We focus on learning more and more about the potentials and limitations of the freedom we have in the present moment because that is the area of awareness where the opening to ultimate freedom will be found. Now, ultimate freedom is not the same as freedom of choice. It’s a freedom from suffering that’s totally unconditioned, totally beyond space and time, and so has nothing to do with questions of control or no control. It’s just there. But you can find it only by exploring what freedom you have to act skillfully.

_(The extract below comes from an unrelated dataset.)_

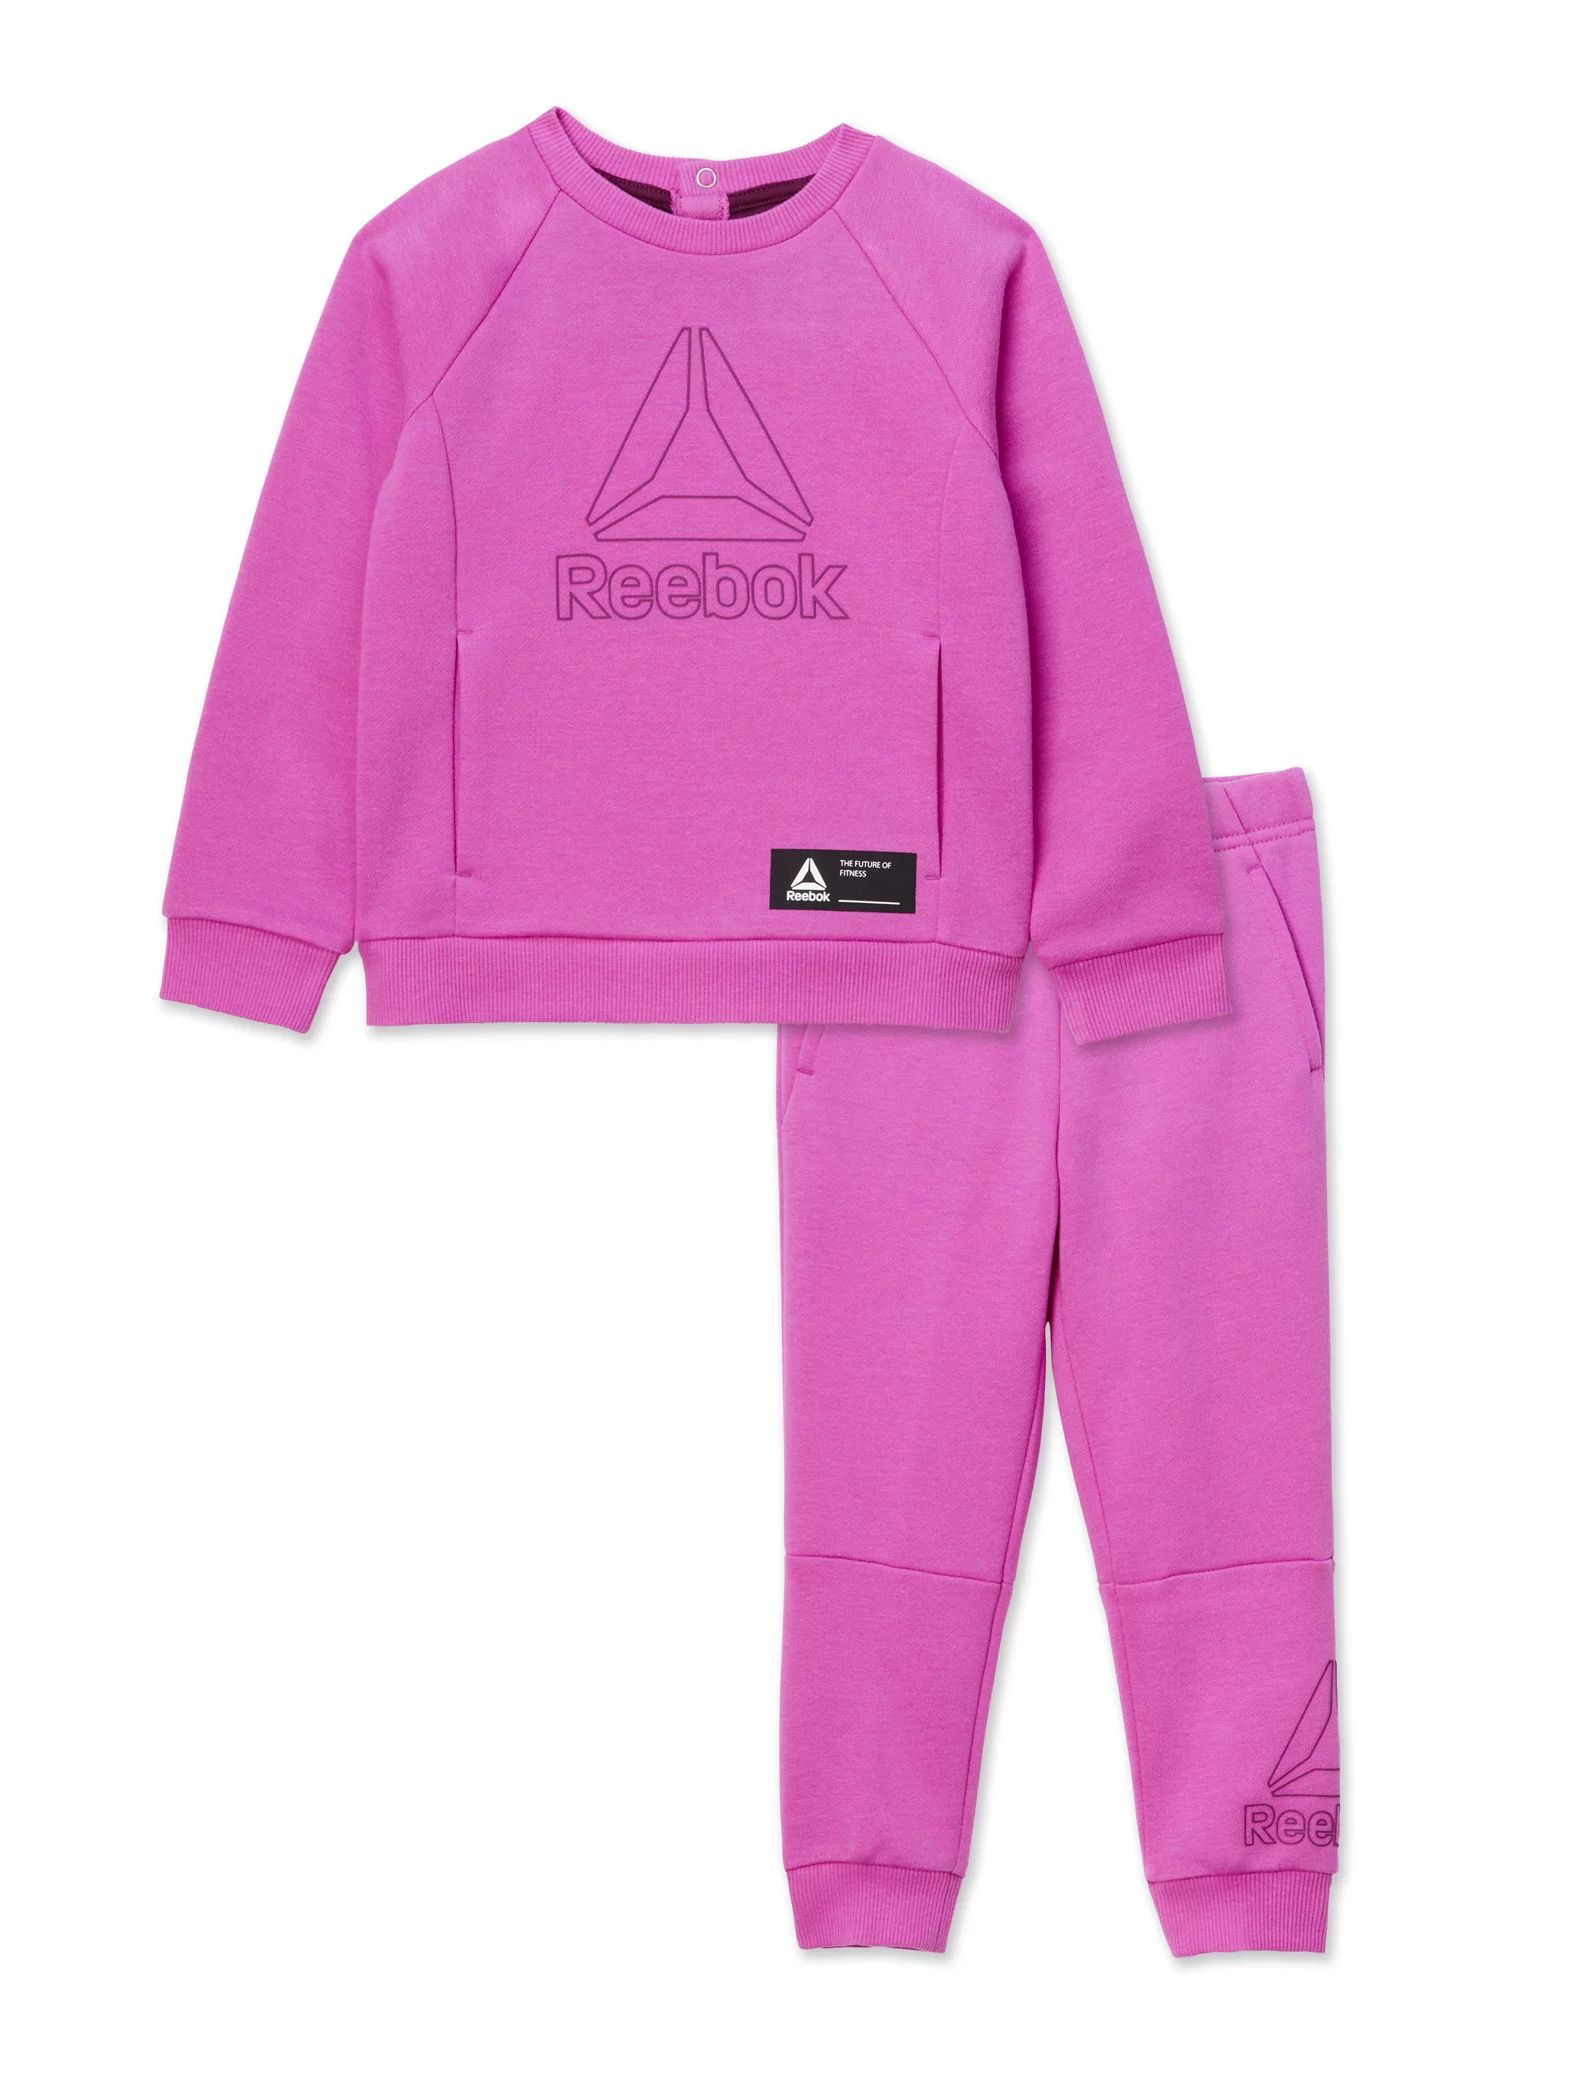 Reebok Toddler Girls Game On Pullover Crew And Jogger Set, 2-Piece, Sizes 12M-5T | Walmart (US)

This is why the Buddha doesn’t encourage thoughts about essential nature: about what you are or aren’t, and whether that’s good or bad. He’s more interested in having you see the level of freedom you can exercise around your choices in the present moment. In other words, he’s not interested in having you speculate about what the self is or isn’t; he’s interested instead in having you watch how you define yourself with each action in the present. That’s because the line between self and not-self is determined by what you can and cannot control. The more precisely you see that line, the closer you are to finding the true freedom where questions of control or no control no longer matter.

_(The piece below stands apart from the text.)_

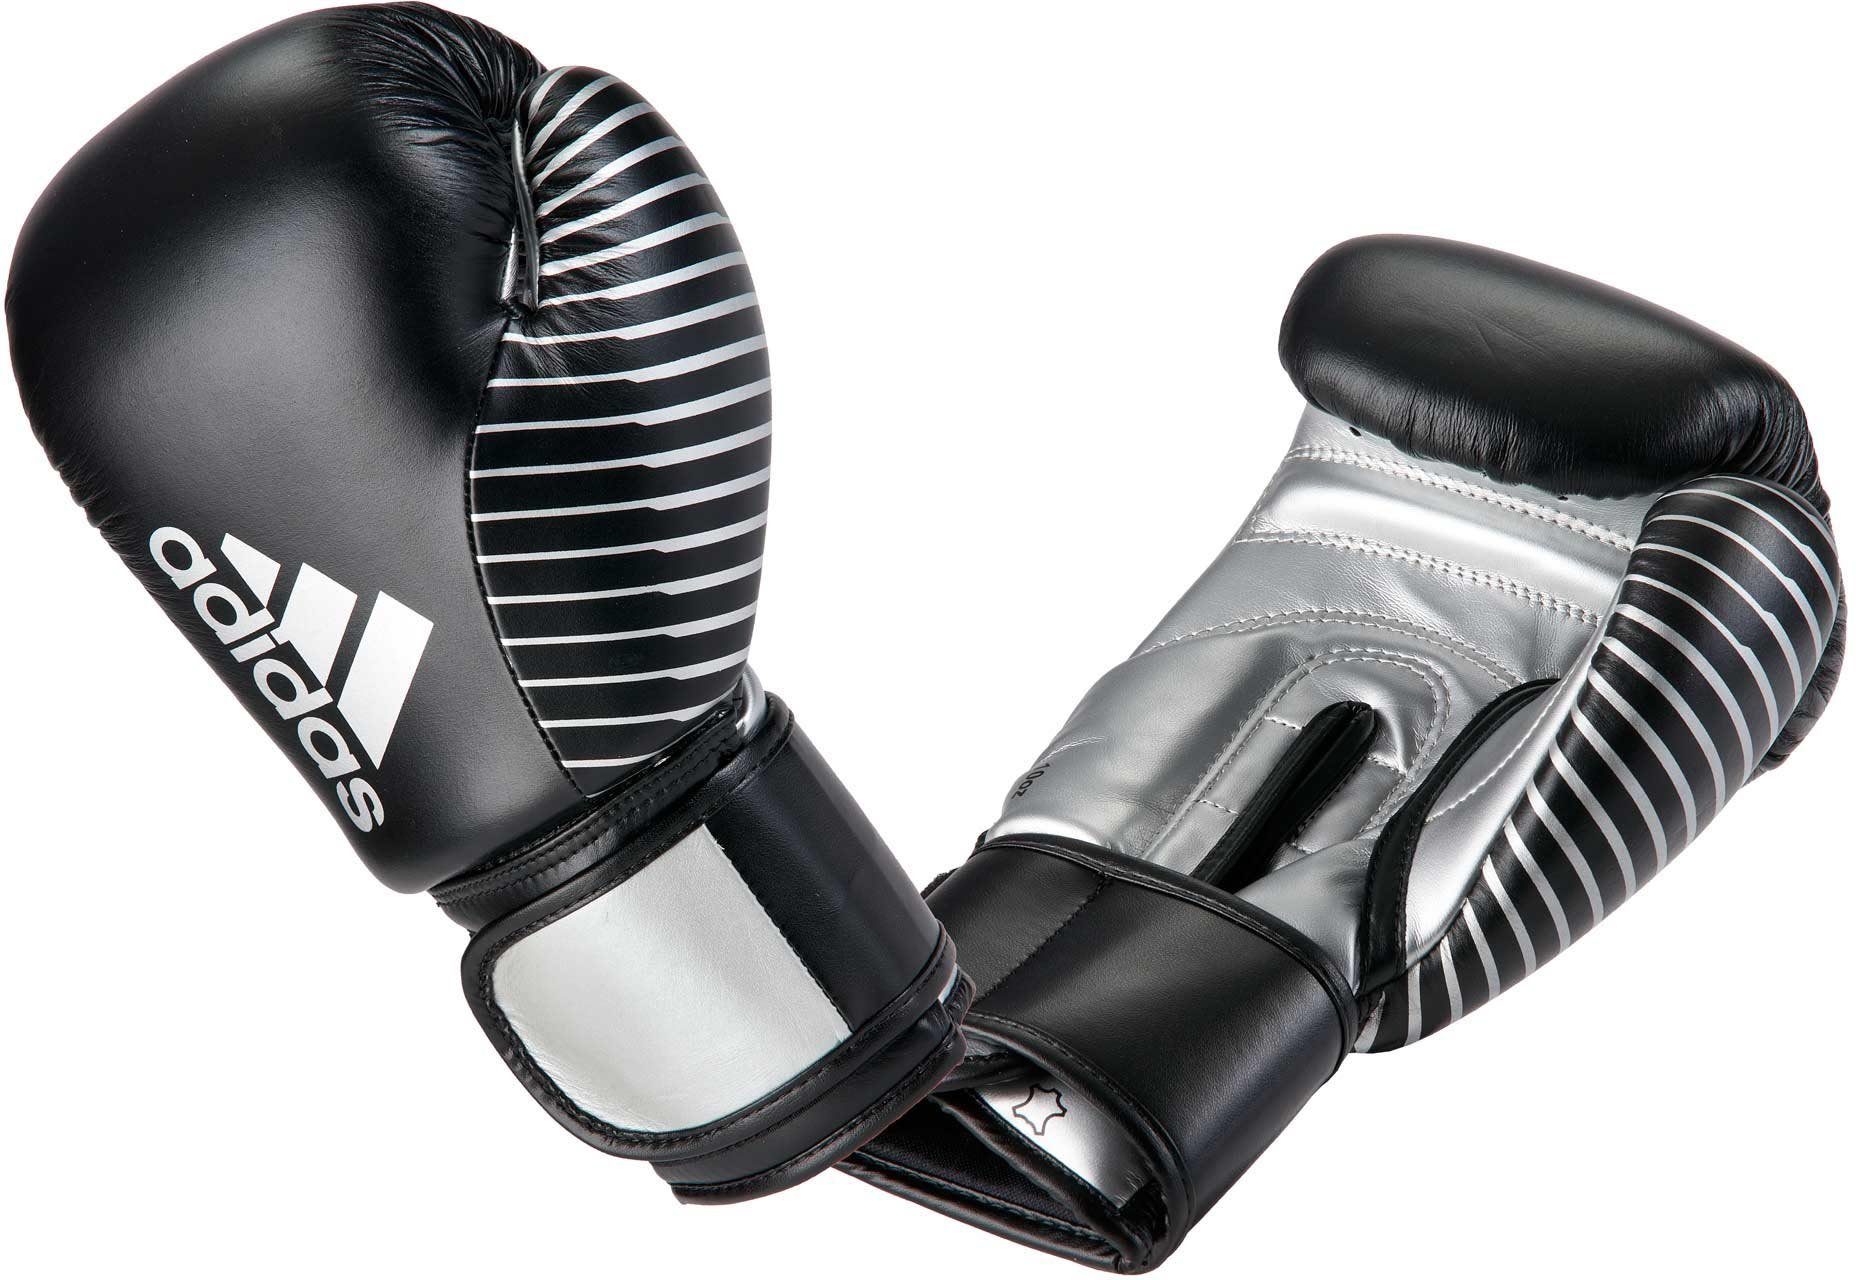 black/silver Performance Handschuh Competition Boxhandschuhe adidas

This is another reason why the Buddha has us develop mindfulness and concentration together, because you need both of these strengths acting together to observe the action of creating a sense of self or not-self around that line between control and non-control. Mindfulness is what keeps remembering where to stay focused and what to keep doing: to abandon what’s unskillful and to develop what’s skillful [§22]. Concentration is what maintains the steadiness of your gaze.

So it’s only through clinging to the practice of the path that you can find the line between control and non-control, and can observe it closely. It’s only through healthy clinging that you reach the point where you can really let go and be free.

It’s as if you’re a bird in a cage. One wall of the cage is a door. If you cling to the other walls, you stay stuck in the cage. But if you cling to the door, then when the door is open, you can fly away.

In the same way, you cling to the path. When the path comes together, it leads to the opening where you gain freedom. The door swings open and you’re free to fly wherever you want. In the words of the Dhammapada, when you’ve reached that point, your path—like that of birds through space—can’t be traced [§23]. You’re so free that you leave no footprints in the sky.